Cocktail party Republicans: who's next in line?

  It's funny how the political parties have changed over the years. In the fifties and a bit later, true democrats, in general, seemed to be loving family people, loyal to the country, liberal in their viewpoint as far as being kind and generous to their fellow citizens. Many of them voted for Reagan. Republicans, otoh, have also been hard-working blue collar folks, those who believed in conservative values and pretty much voted the way their parents did.
  Now democrats have become liberal, liberal, liberal and their party's been overrun by communists, code pinkos, union thugs, con artists, college elitists and rich people who want to control the lives of the "small people." Republicans have become a bunch of old white guys standing in line for their turn at the trough or the presidency, professional politicians. Some are rich country clubbers who don't want to dirty their hands with the likes of the tea partiers or their candidates, some of whom are rough and took 5 or so years to get through state schools or community colleges. 
  There's a war going on now, and it's not necessarily between democrats and tea partiers.

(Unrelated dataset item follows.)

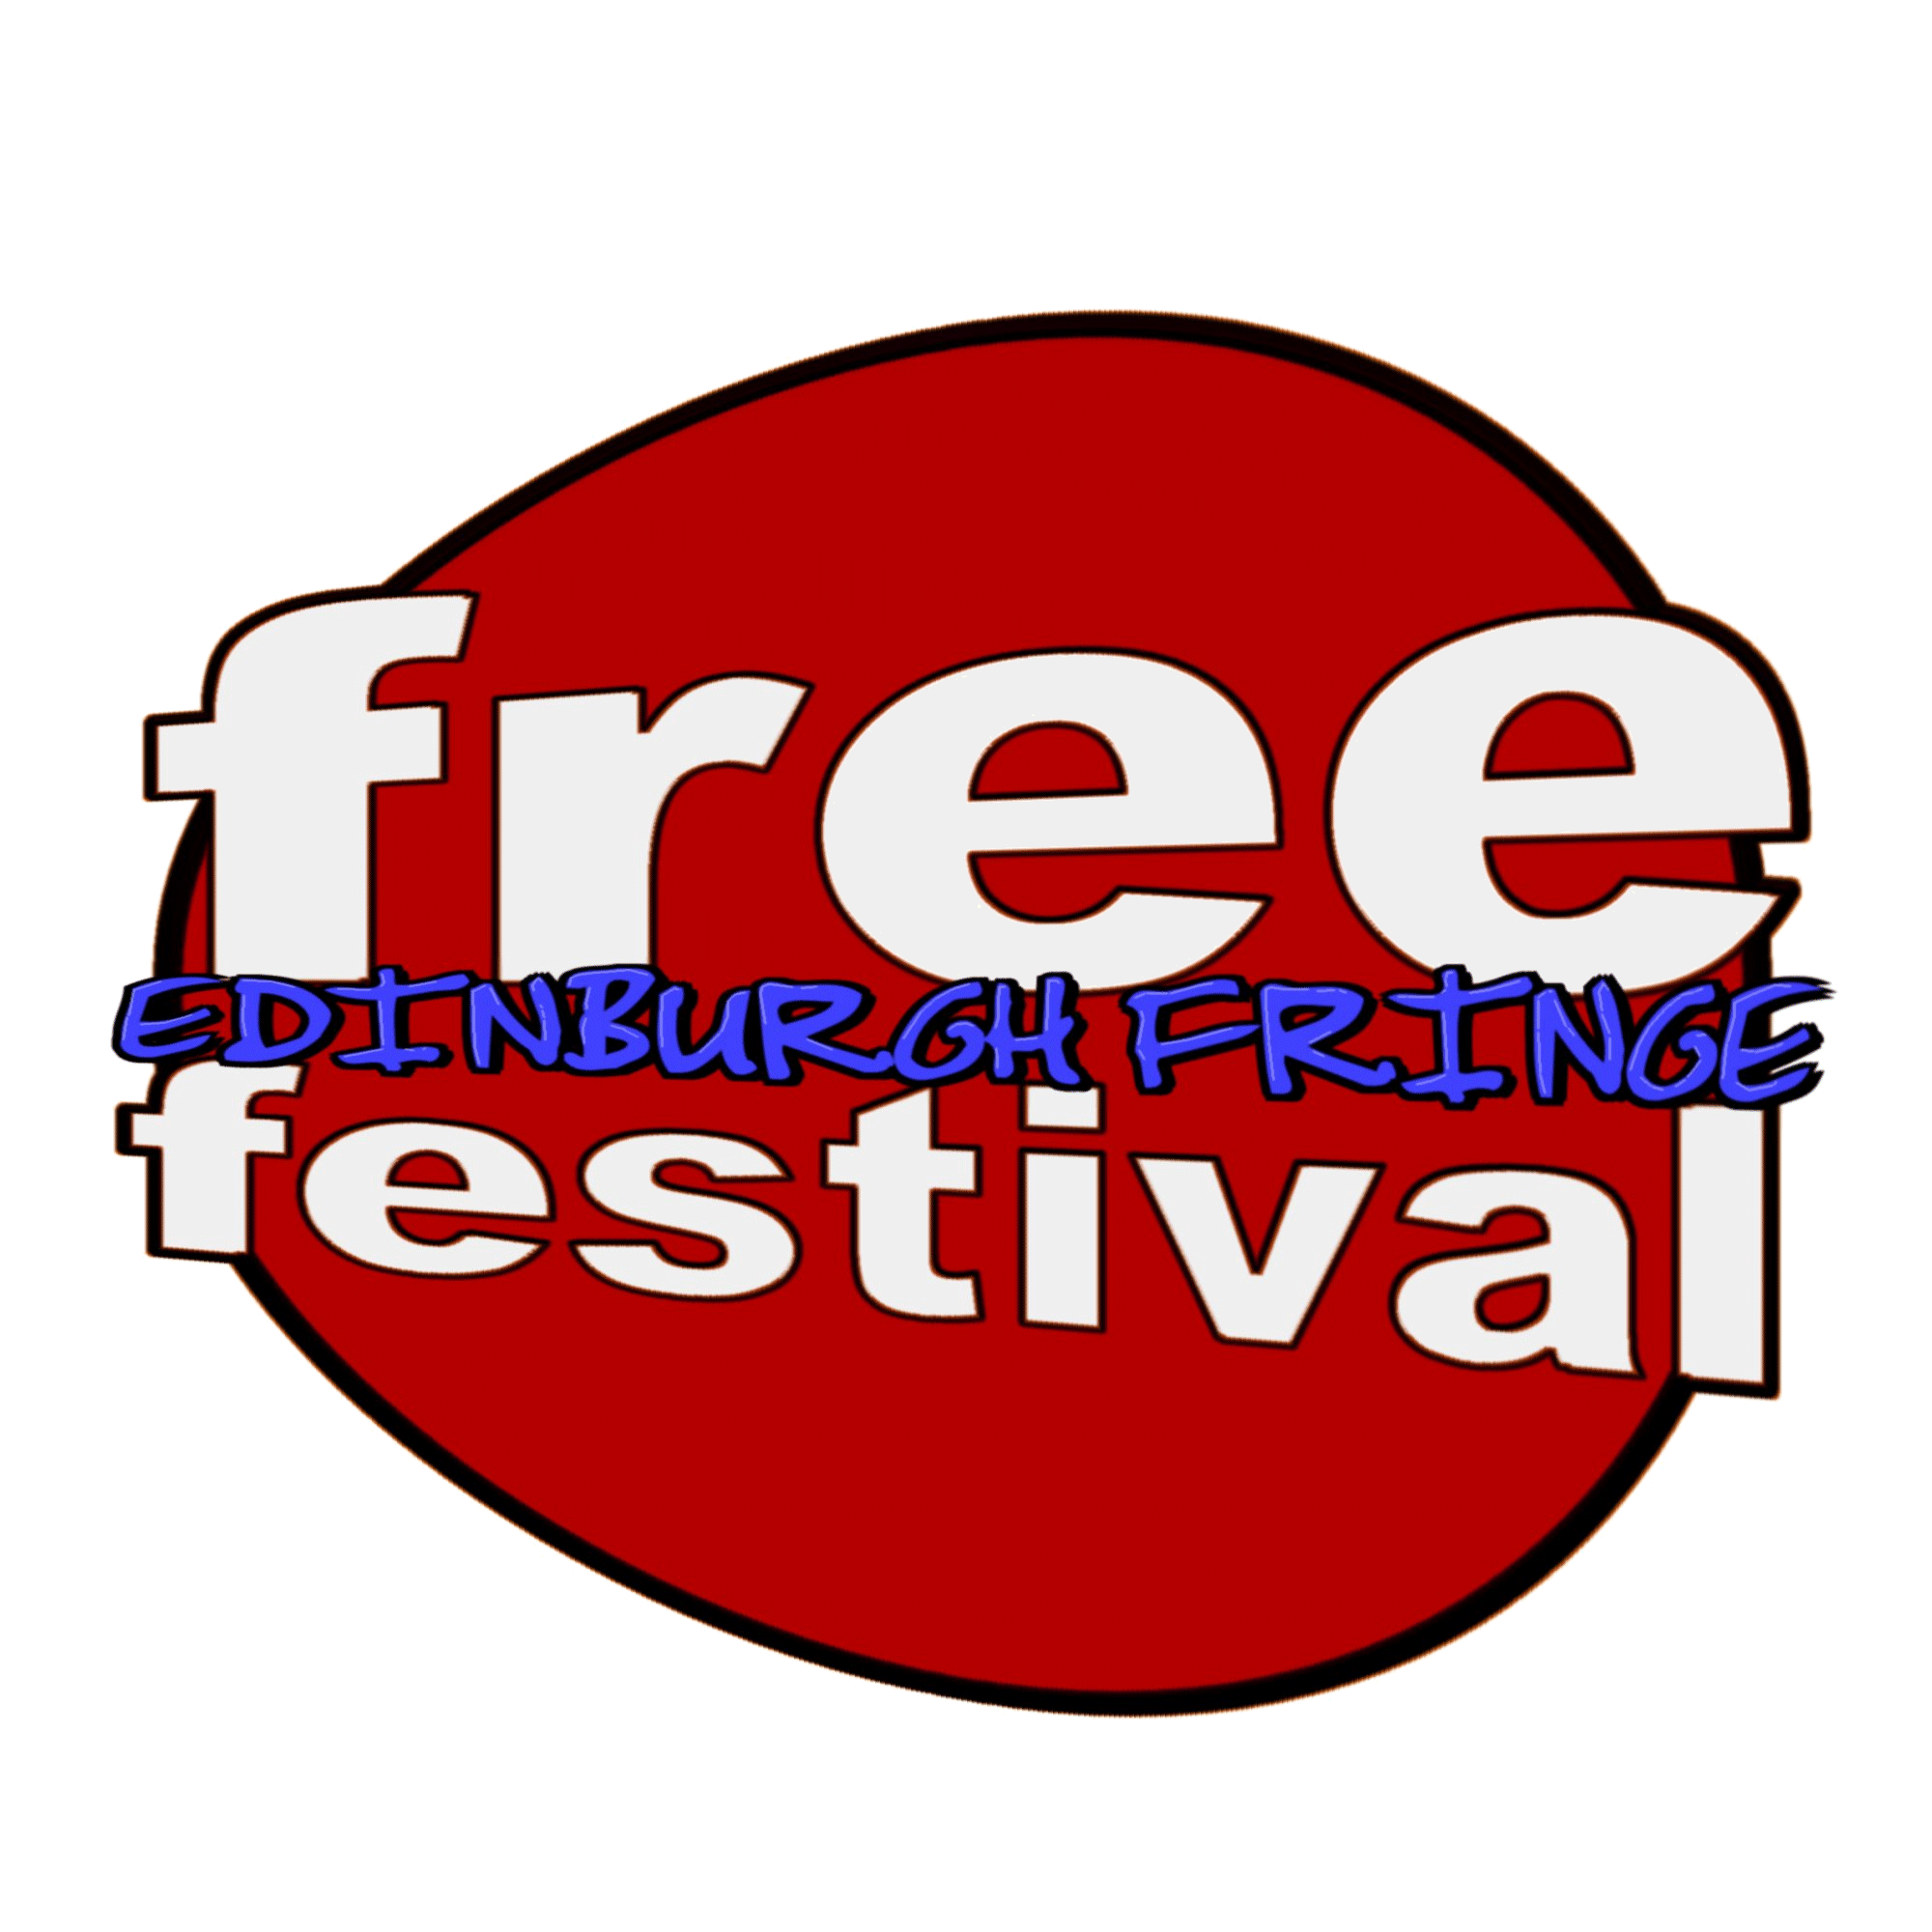 Fringed Red Circle Brand Logo - Free Edinburgh Fringe Festival - Performers Downloads

  It's between non-politicians and professional politicians who've become accustomed to being treated like lords and ladies, and who think they have a right to order others around, to control every aspect of the small people's lives (like the accusation made so frequently against Christians in the past). 
  In fact, it is true now that liberals are the ones who want to destroy independence, freedom and privacy. Liberal progressives are the ones who are making all the rules, right down to the last thousandth page of regulations. 
  The fight for the Republican presidential nomination thus becomes a harder fight than the one against Obama in the 2012 elections.
  Some of the most scintillating writing on the web about this issue can be found over at Hill Buzz, the gay Chicago liberals who now despise the democrat party for any number of reasons. Here's a bit from their latest article about Mitt Romney's presidential bid. The whole article is quite insightful. Read it here:
At cocktail parties in large cities across the country, these guys in their blazers, with women in their best Ann Taylor, get together and scorn the Tea Party and its grassroots energy.  They don’t believe the Republican Party should be run from the bottom up, because they enjoy being in the Union League or City Club looking down on the rabble from their penthouse view.  Scotch on the rocks in one hand, with their resumes in the other, these Cocktail Party Republicans see political campaigns as networking opportunities to advance their careers and afford them opportunities to get better, more important jobs in the future by way of the political connections they’ll make if Mittens Romney is the nominee.